我正在使用一个时间序列,在四个月的时间内连续测量环境空气中的臭氧浓度。每5分钟14秒进行一次测量。大约40000个数据点。
我开始在R中处理数据,但是由于缺乏技能而遇到了一些问题。
我的数据框是日期(以字符为单位)和臭氧浓度(以数值为单位)。
Date O3_ppb
2018-05-26 17:55:58 UTC 33.95161
2018-05-26 18:01:12 UTC 35.12605
2018-05-26 18:06:28 UTC 36.03172
2018-05-26 18:11:42 UTC 36.81590
2018-05-26 18:16:57 UTC 37.11235
2018-05-26 18:22:12 UTC 37.26945
我希望根据一个月的数据来说明24小时内臭氧浓度的每日变化。意思是我希望在24小时内每5分钟平均每月一次。
我的想法是,我需要以某种方式在24小时内每5分钟将数据分组。例如00:00:00、00:05:00、00:10:00… 但是由于测量中存在偏差,因此在一天的00:05:00进行的测量将在第二天的00:06:20进行,依此类推。而且由于传感器在重新启动时进入一次,因此每天的观察次数也会有所波动。
我的问题: 是否有一个函数或循环能够将我的数据分为5分钟的间隔,并且还可以考虑漂移,因此例如在00:02:30-00:07:30之间进行的测量归类为00:05:00和00:07:30 – 00:12:30归为00:10:00分组?
很抱歉,如果这完全无法理解,但我是R和一般编程人员的新手。我真的希望有人可以帮助我,这样我就可以启动项目
答案 0 :(得分:0)
这是一种使用重叠联接(data.table
)的foverlaps()
方法
library( data.table )
dt <- fread(' Date O3_ppb
"2018-05-26 17:55:58" 33.95161
"2018-05-26 18:01:12" 35.12605
"2018-05-26 18:06:28" 36.03172
"2018-05-26 18:11:42" 36.81590
"2018-05-26 18:16:57" 37.11235
"2018-05-26 18:22:12" 37.26945', header = TRUE)
#set to posix
dt[, Date := as.POSIXct( Date, format = "%Y-%m-%d %H:%M:%S", tz = "UTC") ]

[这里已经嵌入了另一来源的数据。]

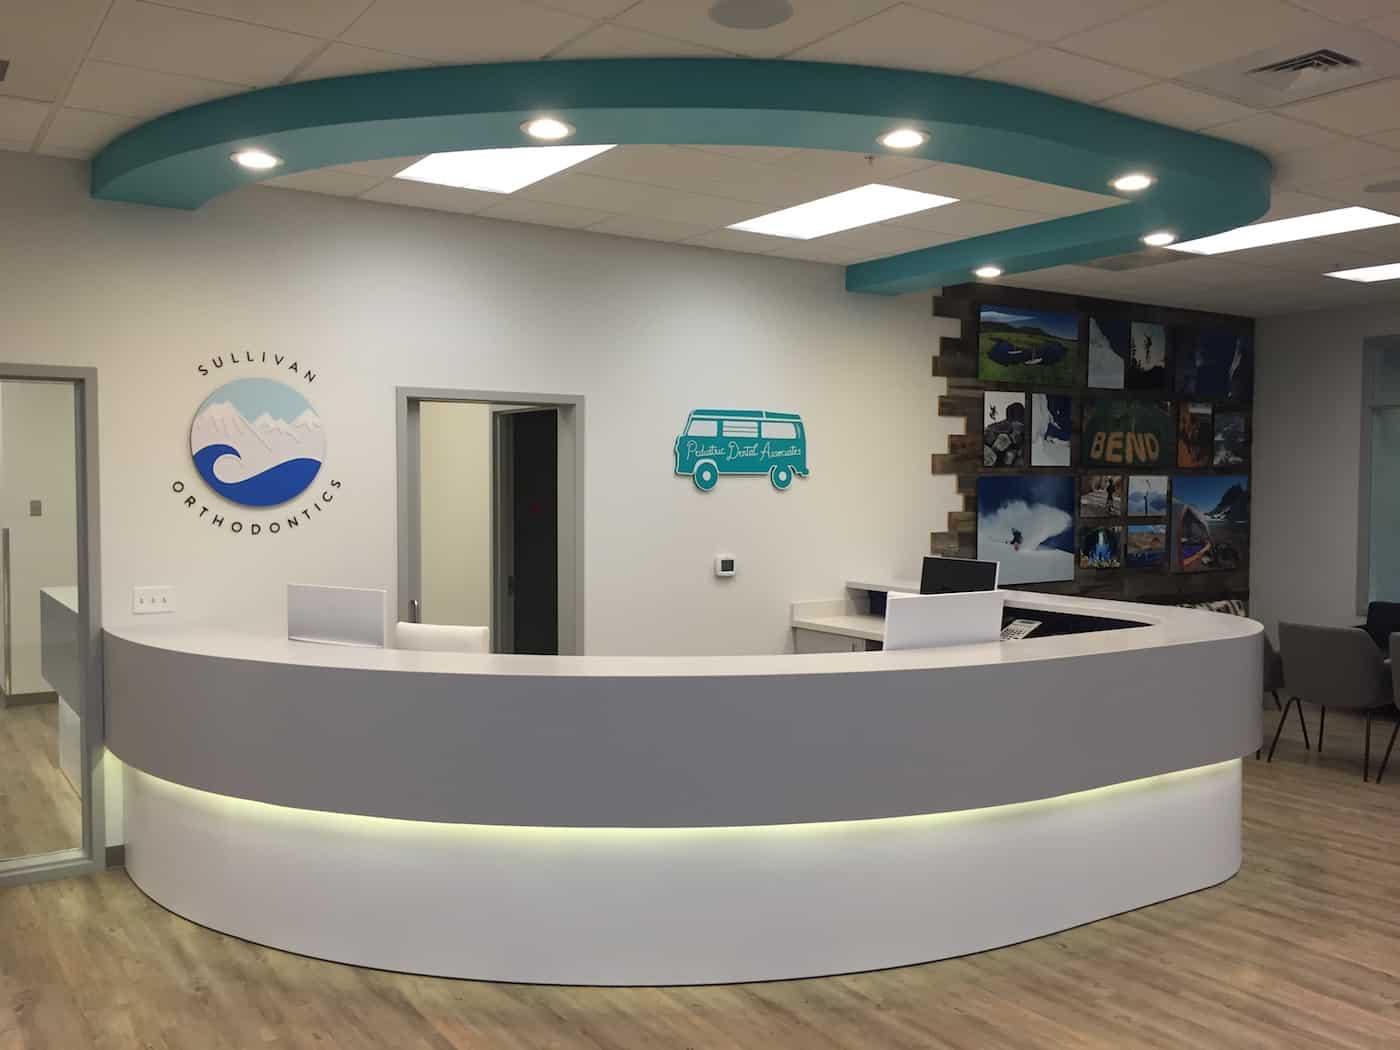 Sullivan Orthodontics Bend Office 760 NW York Drive, Suite 110 Bend, OR 97703
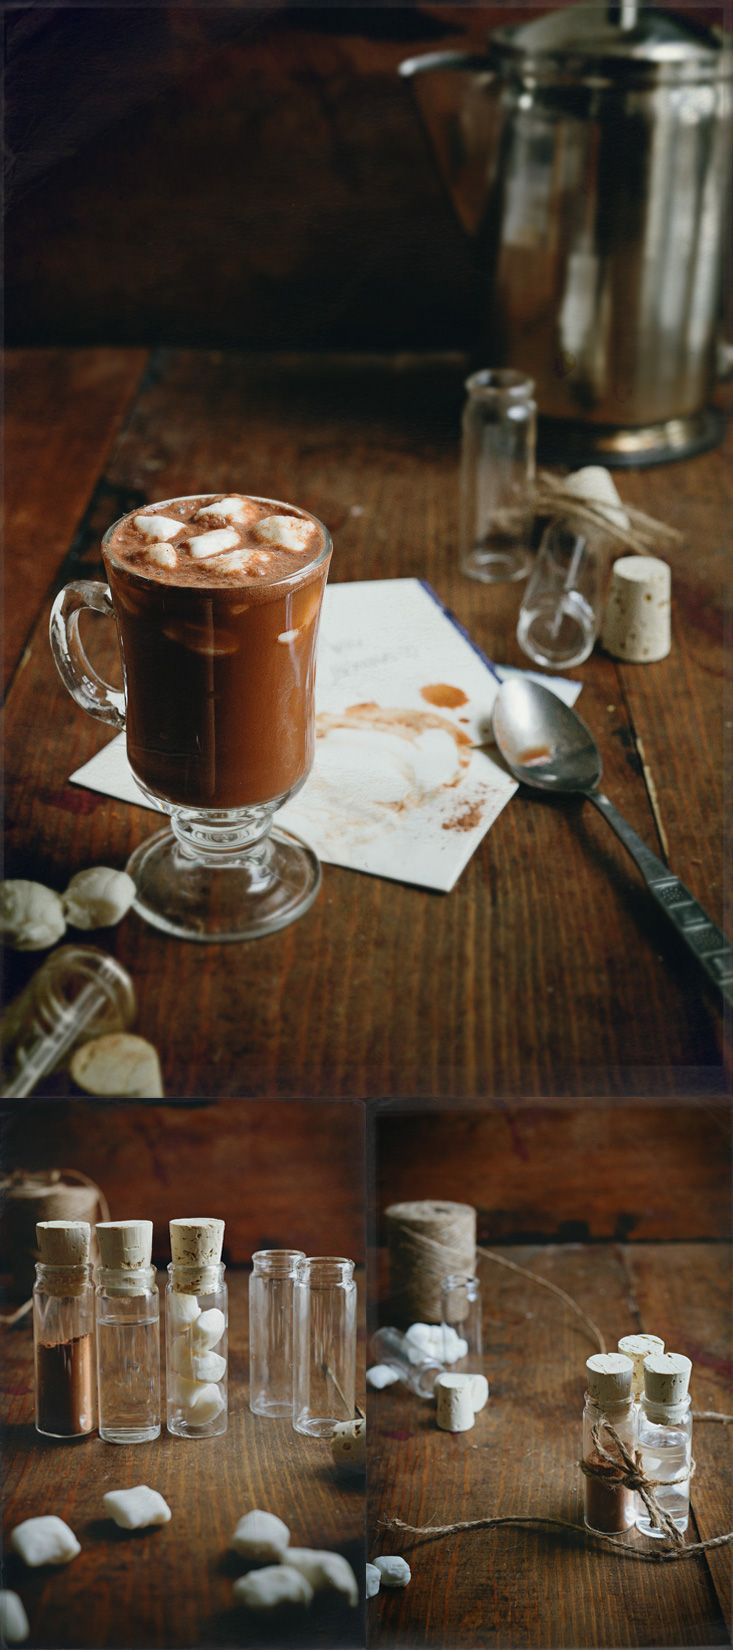 Best 20+ Spiked hot chocolate ideas on Pinterest | Chocolate bar ...

#create dummy variables to join on later
dt[, `:=`( Start = Date, Stop = Date ) ]
#create data.table with periods you wish to summarise on later
#notice the +/- 150 (=00:02:30) to set a 5 minute 'bandwidth' around the period.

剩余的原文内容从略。